Kean was absent from public view for almost four months, according to the Guardian. His office offered only a late-April statement citing a “personal health matter”, and his father Tom Kean Sr told CNN in May that the illness was temporary and that his son would return soon. This week Kean resurfaced and said he had been receiving inpatient treatment for depression, adding that he had stayed quiet because he is “a private person by nature”.
The immediate political fact is straightforward: Congress has no national paid-leave scheme to vote on for its own members, but it does have a structure that lets a lawmaker disappear while pay and benefits continue. Constituents, meanwhile, are left with the practical problem Alexandria Ocasio-Cortez pointed to: representation depends on more than casting votes, and the public learns about long absences mostly through press inquiries and family briefings.
Mahdawi widens the frame to the labour market Kean legislates for.
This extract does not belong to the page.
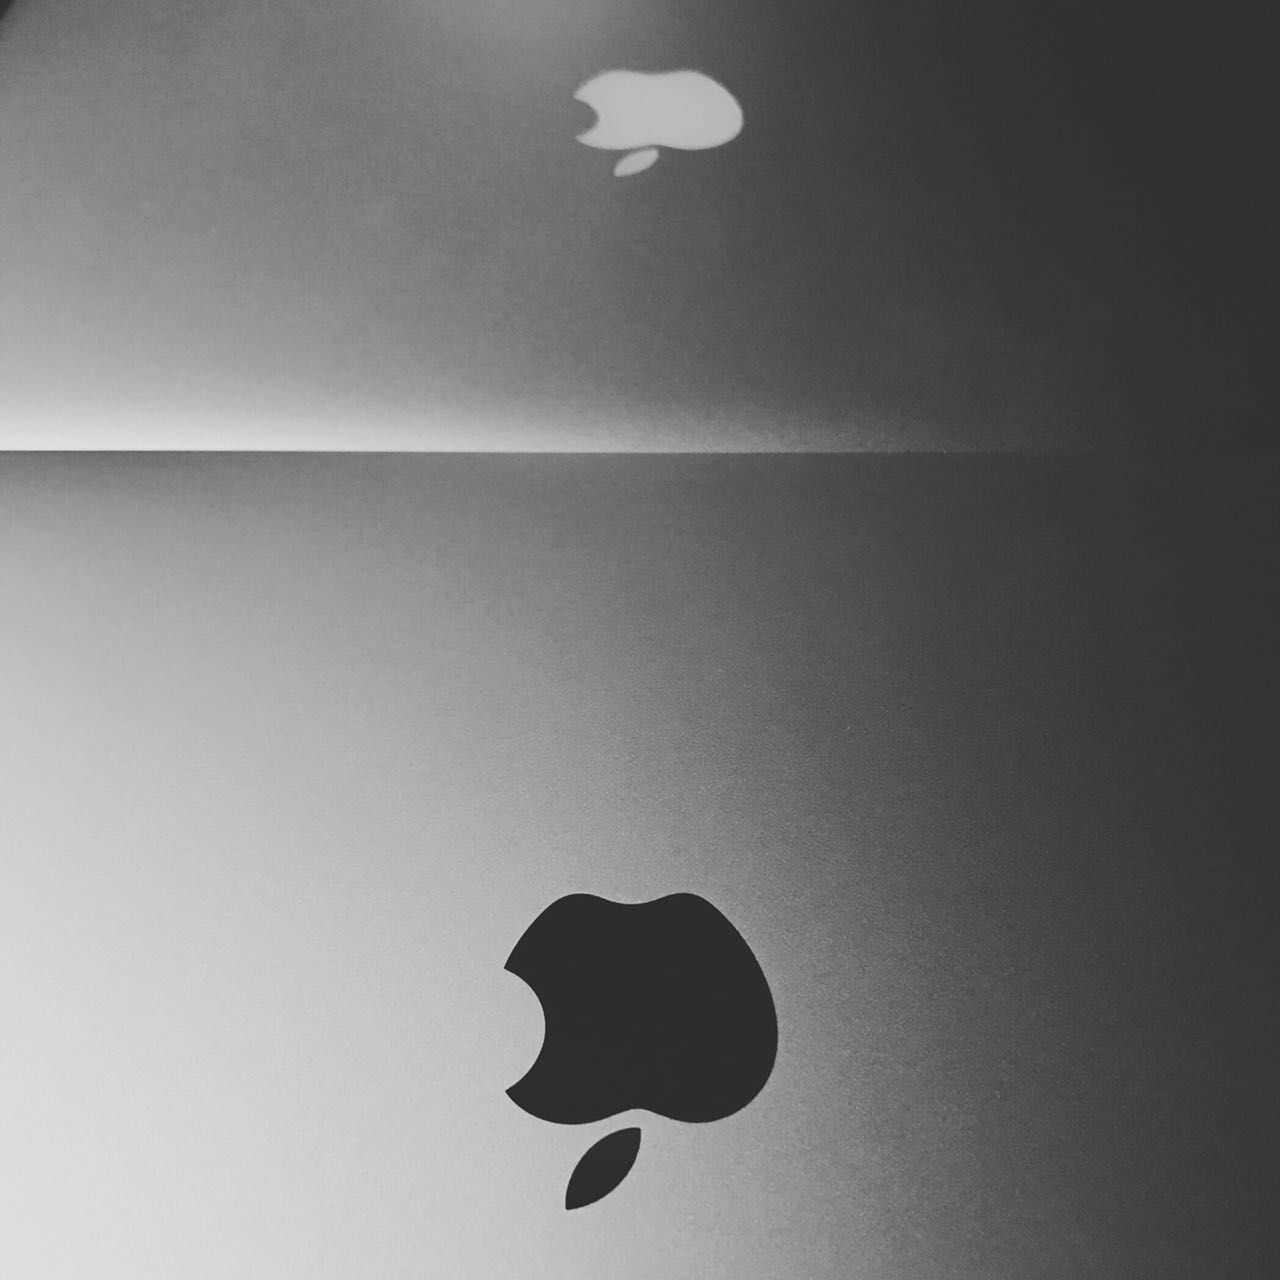 MacBookAir与MacBookPro参数对比_MacBookAir与MacBookPro参数一览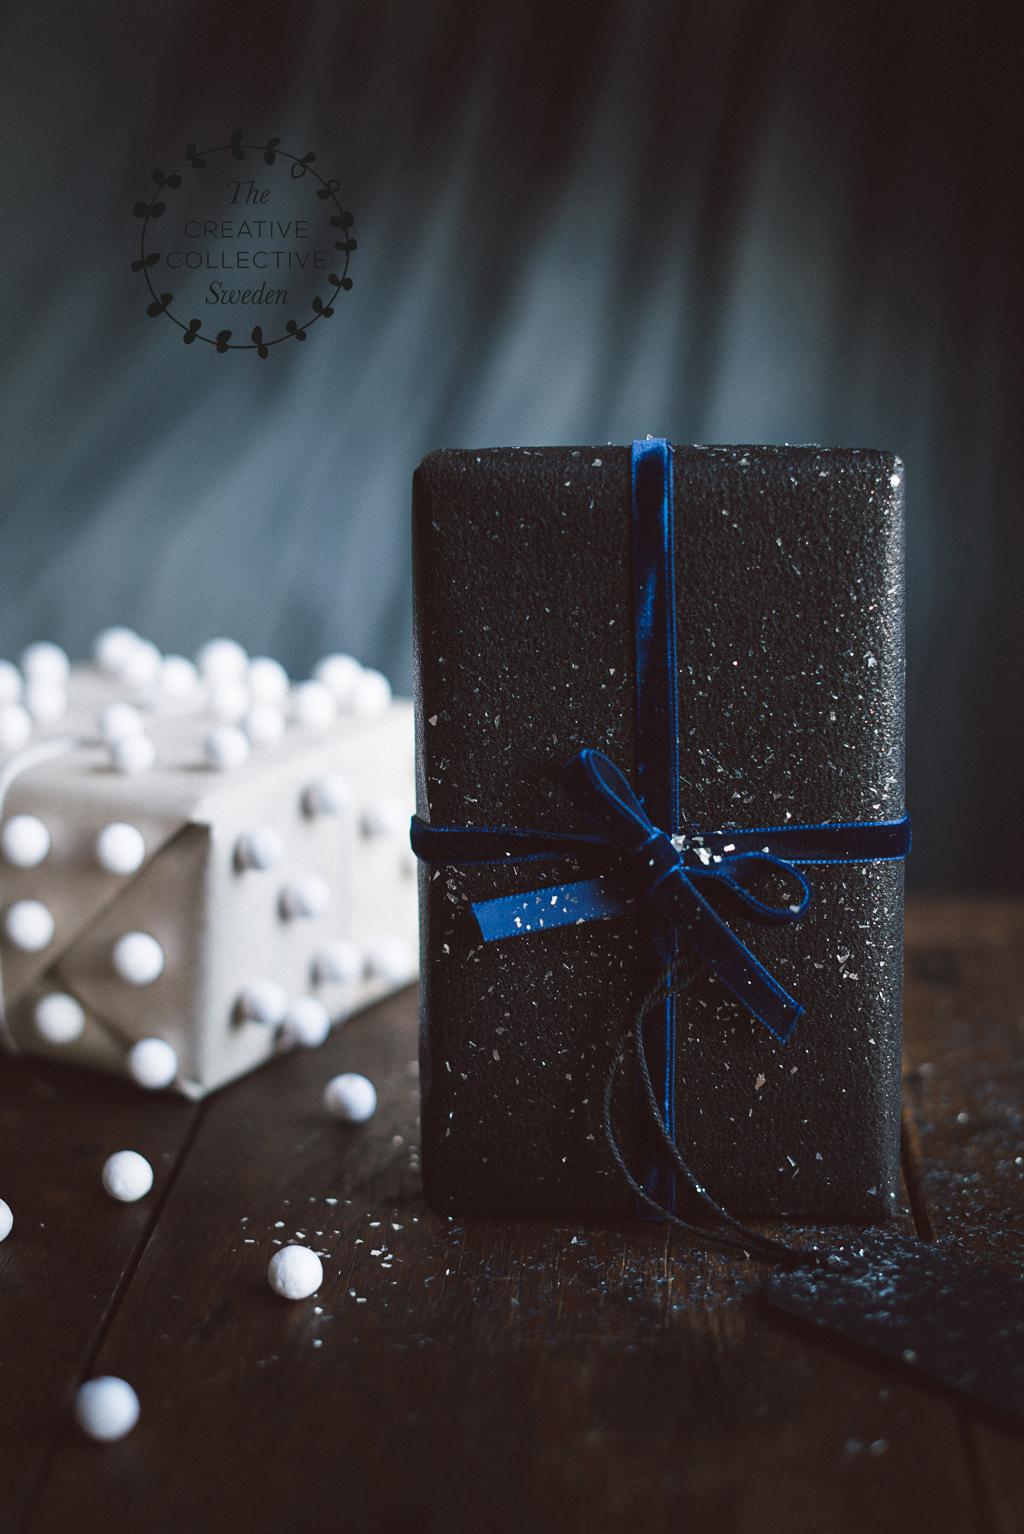 babes_in_boyland-wrapping_creative_calendar_thecreativecollectivesweden

The United States remains the only OECD country without a national paid leave policy, and access depends on employer generosity or state-level programmes. A 2024 Department of Labor fact sheet cited by the Guardian says 95% of the lowest-wage workers have no access to paid family leave, and 90% lack access to short-term disability leave—precisely the workers least able to absorb a sudden health crisis without missing rent. When politicians describe paid leave as an unaffordable burden on business, they are usually describing costs that will instead land on families, co-workers, charities, and emergency rooms.
The contrast is sharpened by Kean’s voting record in New Jersey politics. The Guardian notes he voted against the state’s Earned Sick Leave Act, which mandates five paid sick days a year, and against paid family leave expansions in 2008 and 2018. He also voted against New Jersey’s No Surprise Medical Bills act. In Washington he supported Trump’s “big, beautiful bill”, which the Guardian says cuts Medicaid and Medicare, making life harder for people with disabilities. In practice, the people most exposed to illness and income shocks are also the people whose safety nets are most frequently treated as negotiable.
Mahdawi places Kean alongside other Republican scandals—resignations and revelations that did not stop the party from continuing to campaign as the custodian of “personal responsibility”. The pattern she sketches is less about individual hypocrisy than about who gets a quiet, dignified exit when life collapses, and who gets told to improvise.
Kean’s office gave one vague sentence in late April, and his district went nearly four months without a public accounting. His paycheque did not miss a cycle.